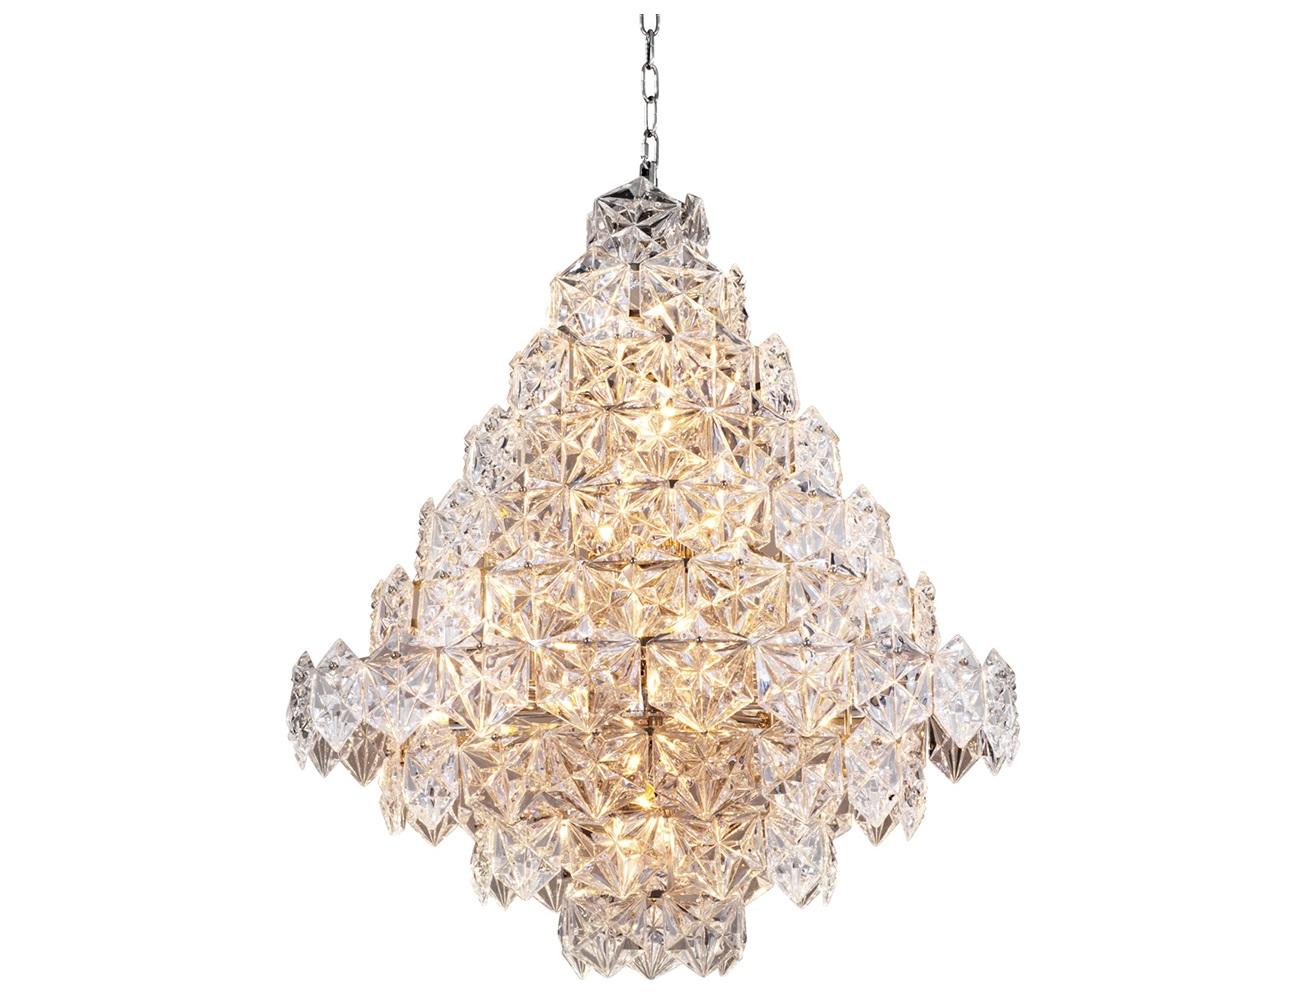 Люстра Chandelier Hermitage LЛюстры подвесные<br>Подвесной светильник Chandelier Hermitage L на никелированной арматуре. Плафон выполнен из множества пластин из фактурного прозрачного стекла. Высота светильника регулируется за счет звеньев цепи.&amp;lt;div&amp;gt;&amp;lt;br&amp;gt;&amp;lt;/div&amp;gt;&amp;lt;div&amp;gt;&amp;lt;div&amp;gt;Вид цоколя: E14&amp;lt;/div&amp;gt;&amp;lt;div&amp;gt;Мощность лампы: 40W&amp;lt;/div&amp;gt;&amp;lt;div&amp;gt;Количество ламп: 12&amp;lt;/div&amp;gt;&amp;lt;/div&amp;gt;&amp;lt;div&amp;gt;&amp;lt;br&amp;gt;&amp;lt;/div&amp;gt;&amp;lt;div&amp;gt;Лампочки в комплект не входят.&amp;lt;/div&amp;gt;<br><br>Material: Стекло<br>Ширина см: 80<br>Высота см: 95<br>Глубина см: 80
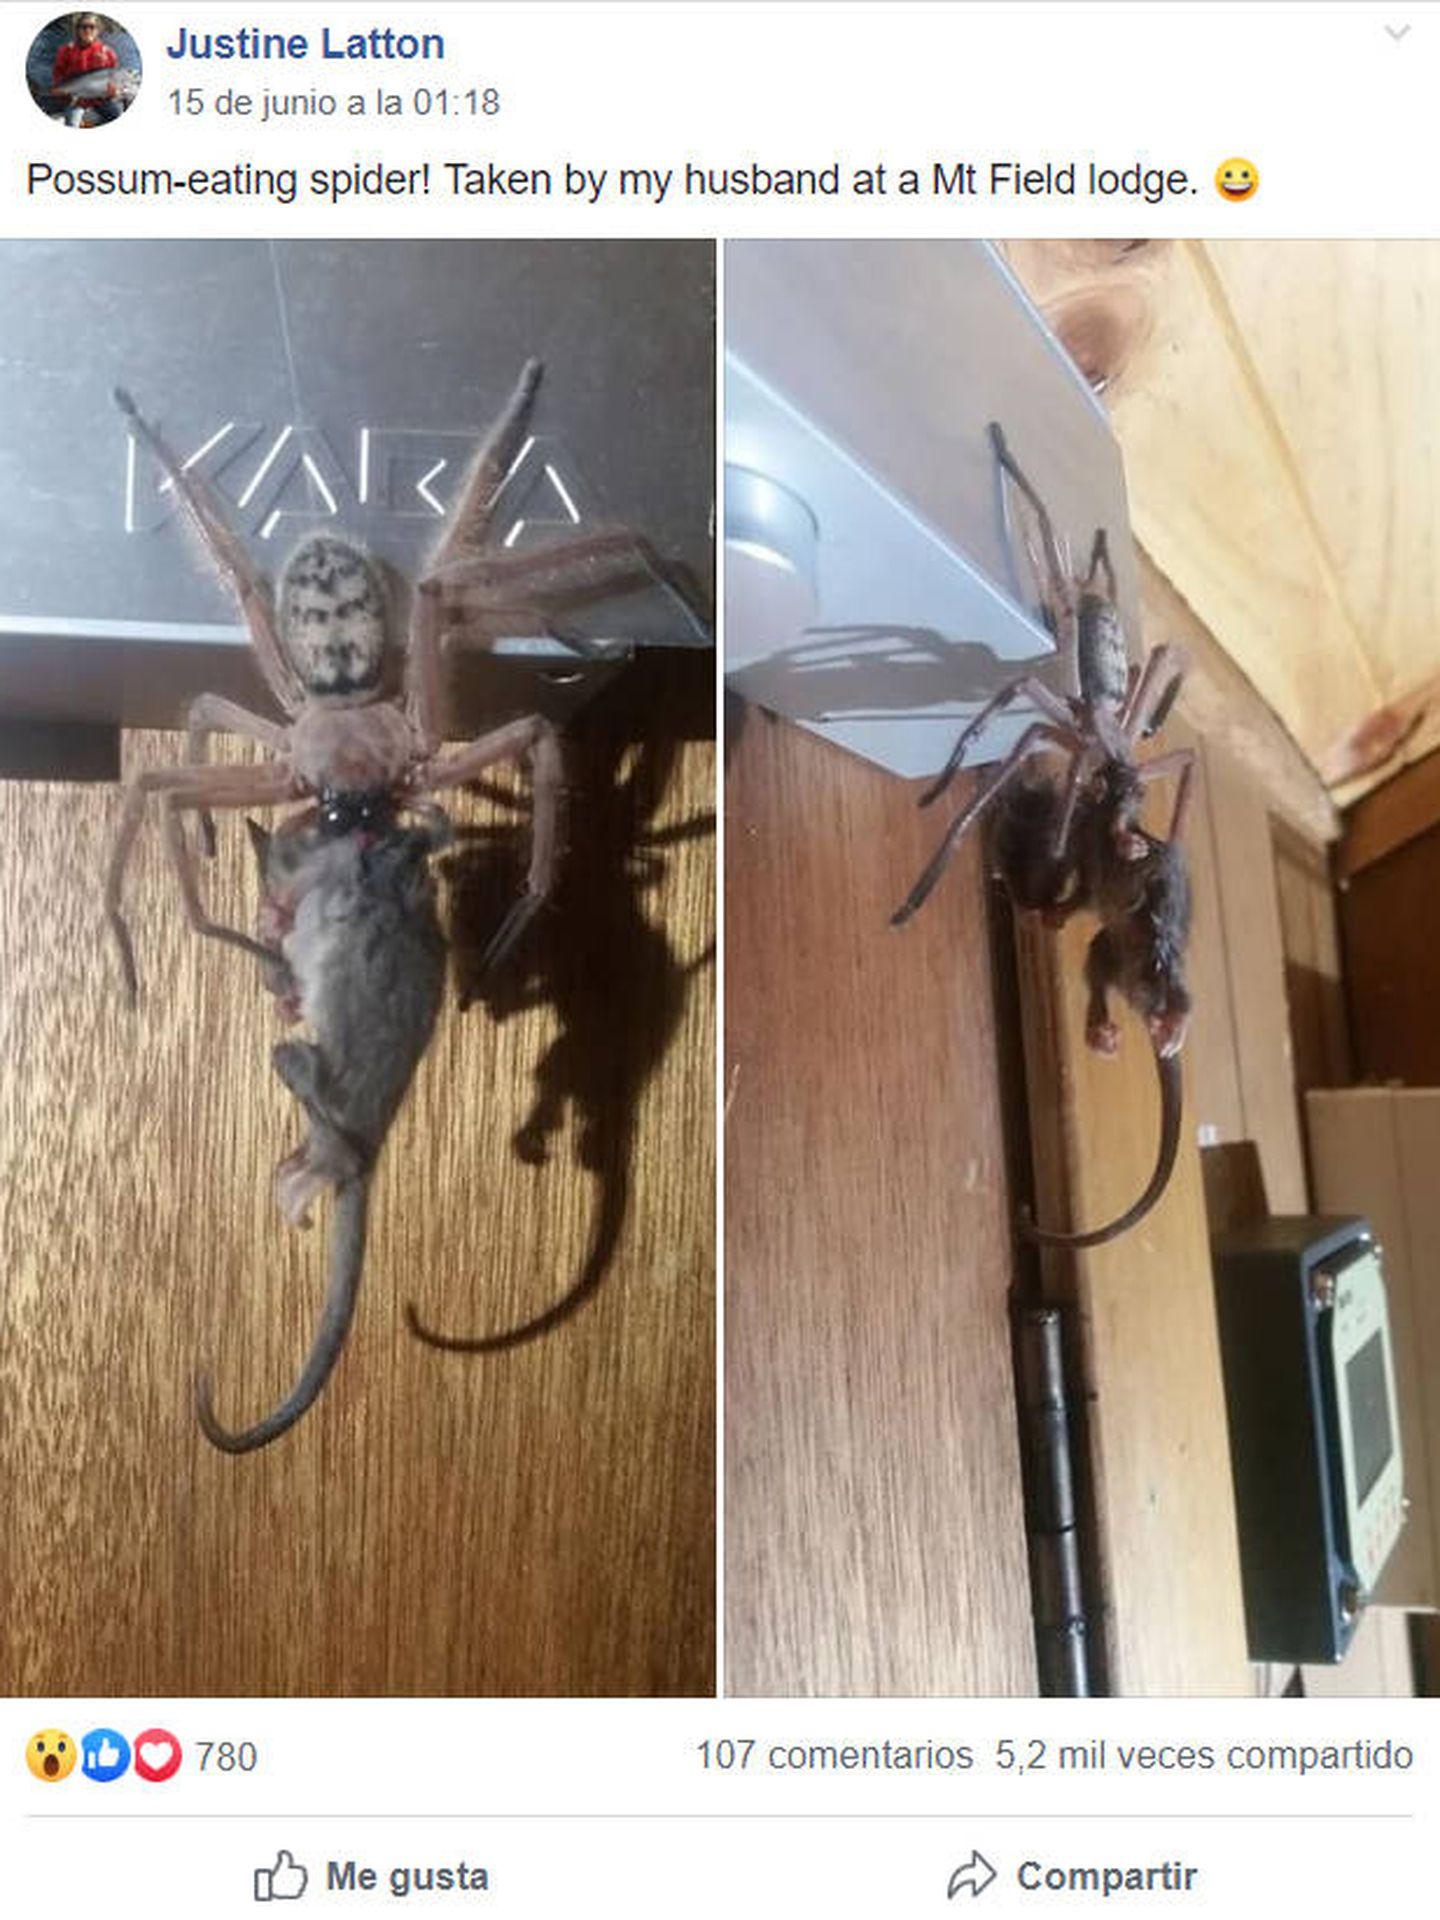 Justine Latton compartió las fotos en Facebook con un grupo australiano de insectos y arañas
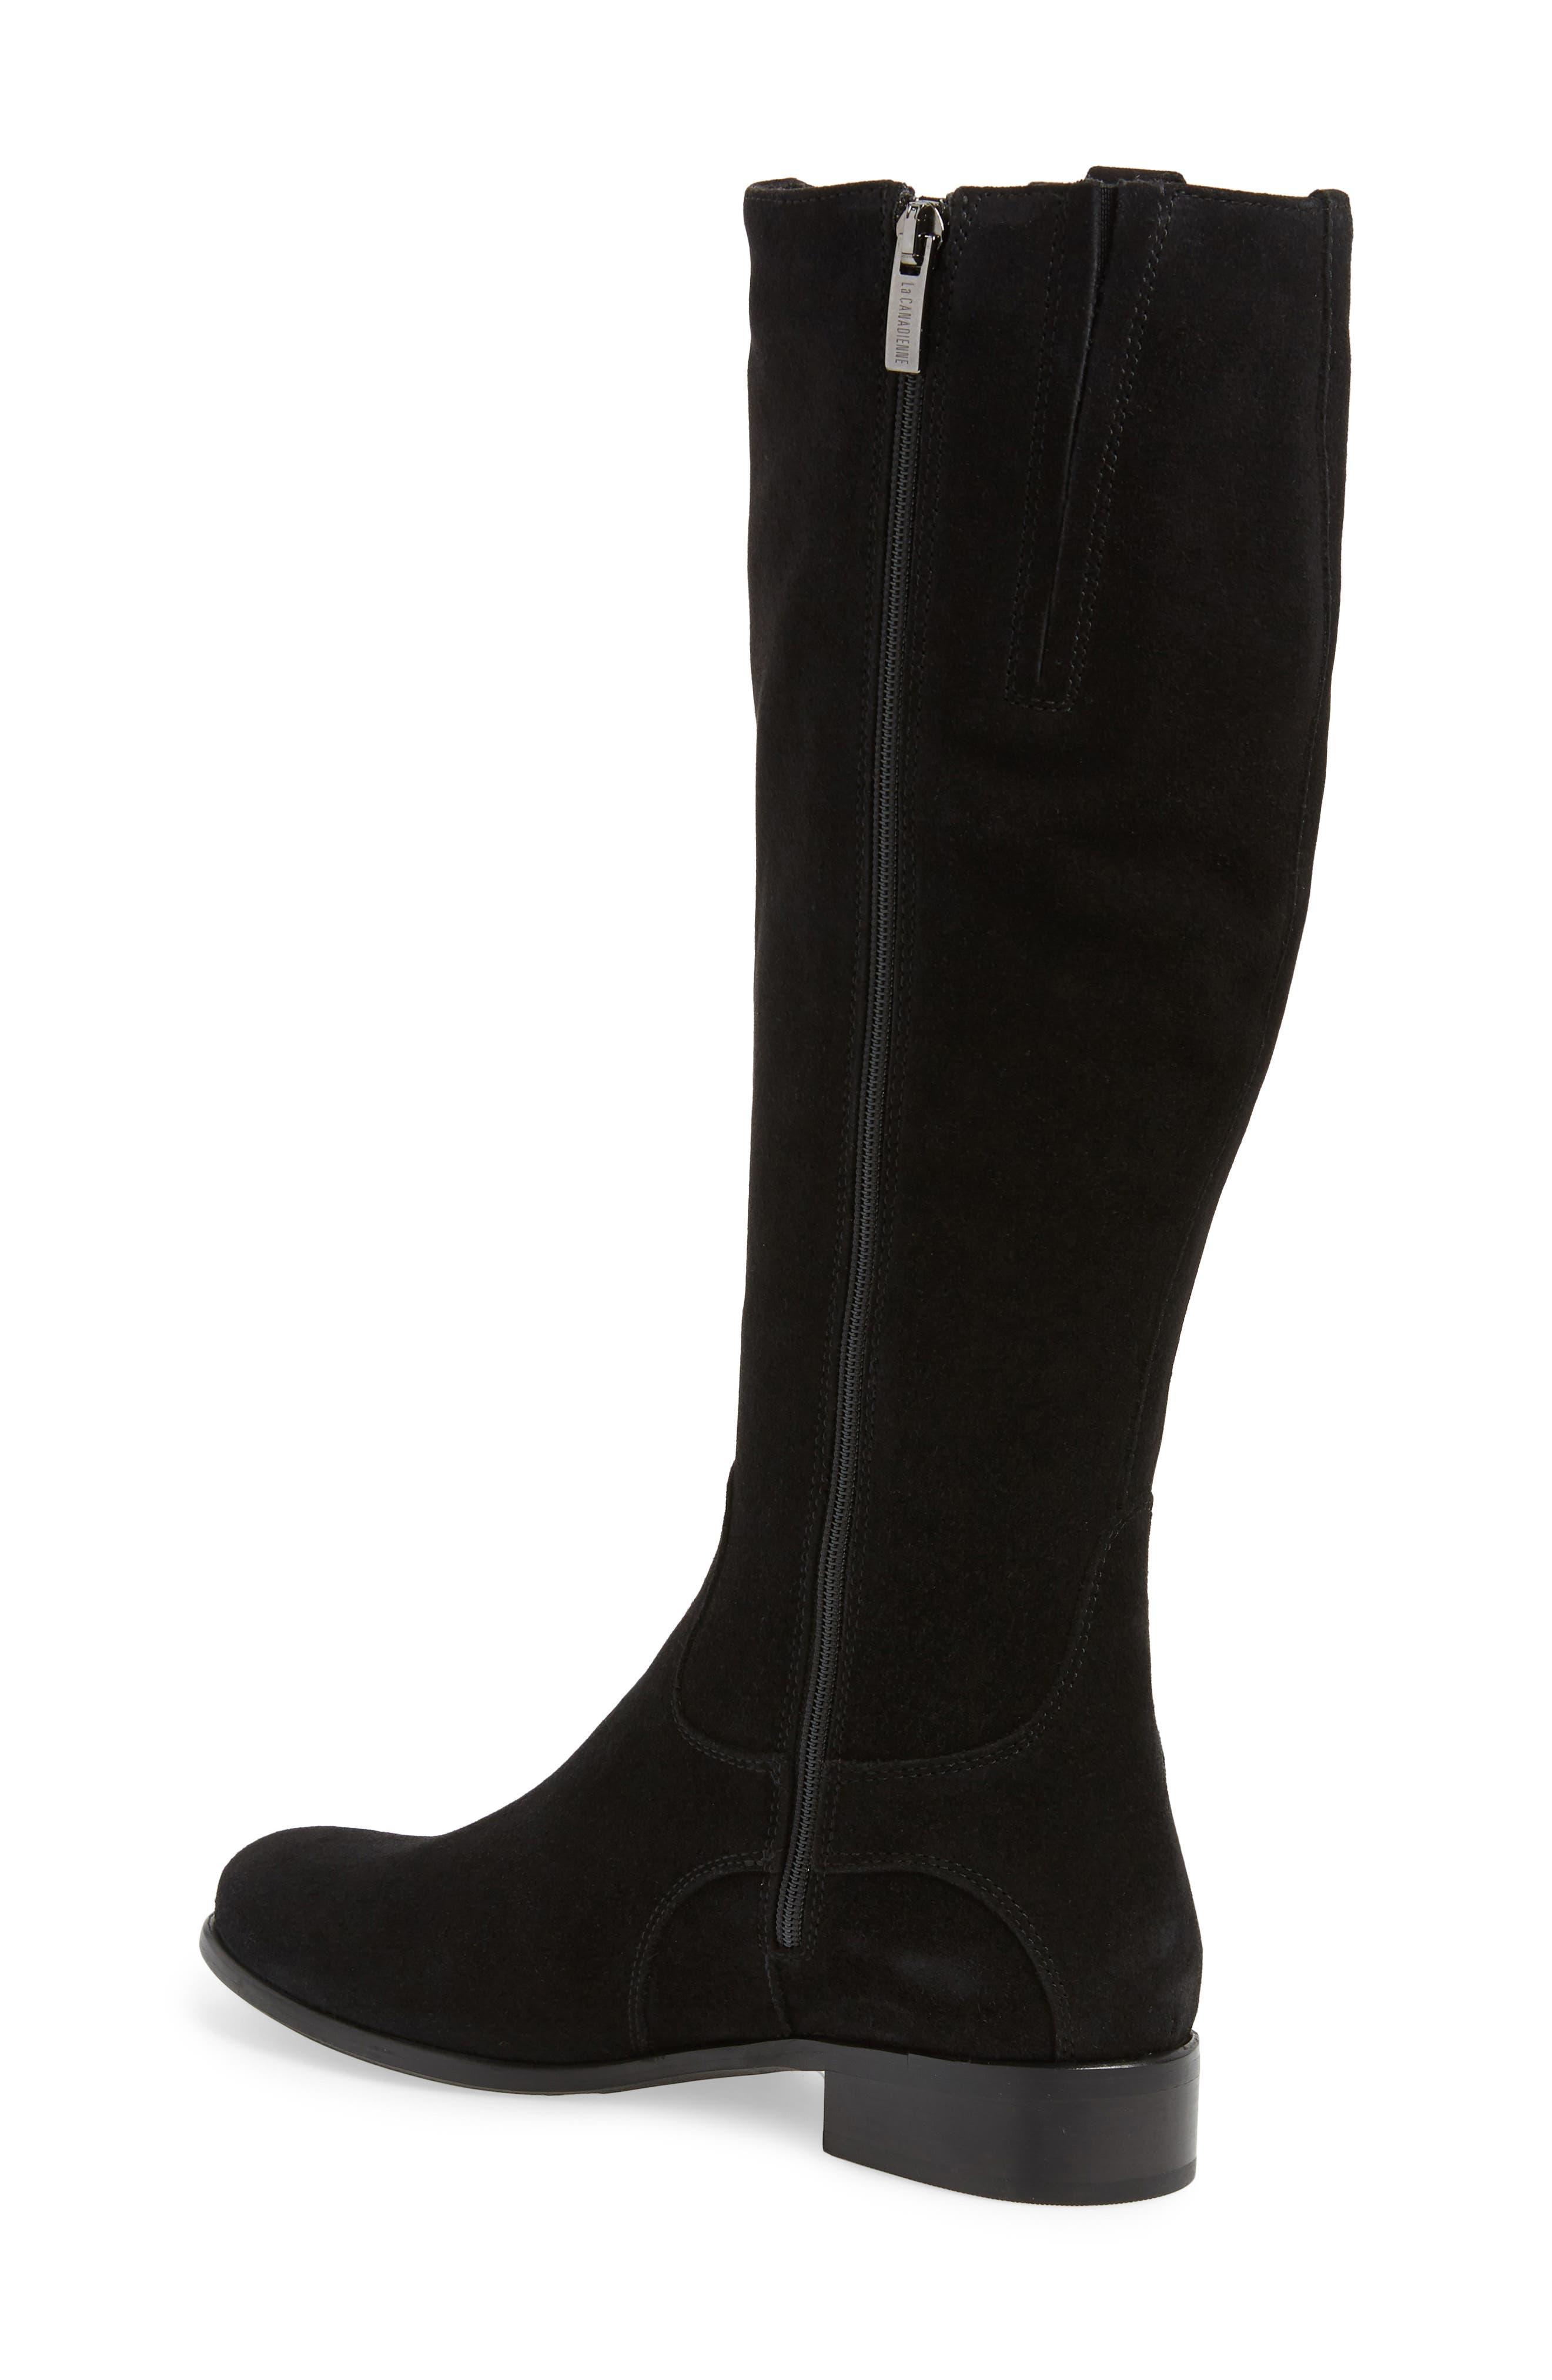 'Stefanie' Waterproof Boot,                             Alternate thumbnail 2, color,                             BLACK SUEDE

◇ ◇ ◇

The data above should be repeated exactly, minus any pictures.

_Response to the exercise_
 Люстра Chandelier Hermitage LЛюстры подвесные<br>Подвесной светильник Chandelier Hermitage L на никелированной арматуре. Плафон выполнен из множества пластин из фактурного прозрачного стекла. Высота светильника регулируется за счет звеньев цепи.&amp;lt;div&amp;gt;&amp;lt;br&amp;gt;&amp;lt;/div&amp;gt;&amp;lt;div&amp;gt;&amp;lt;div&amp;gt;Вид цоколя: E14&amp;lt;/div&amp;gt;&amp;lt;div&amp;gt;Мощность лампы: 40W&amp;lt;/div&amp;gt;&amp;lt;div&amp;gt;Количество ламп: 12&amp;lt;/div&amp;gt;&amp;lt;/div&amp;gt;&amp;lt;div&amp;gt;&amp;lt;br&amp;gt;&amp;lt;/div&amp;gt;&amp;lt;div&amp;gt;Лампочки в комплект не входят.&amp;lt;/div&amp;gt;<br><br>Material: Стекло<br>Ширина см: 80<br>Высота см: 95<br>Глубина см: 80
 Justine Latton compartió las fotos en Facebook con un grupo australiano de insectos y arañas
 'Stefanie' Waterproof Boot,                             Alternate thumbnail 2, color,                             BLACK SUEDE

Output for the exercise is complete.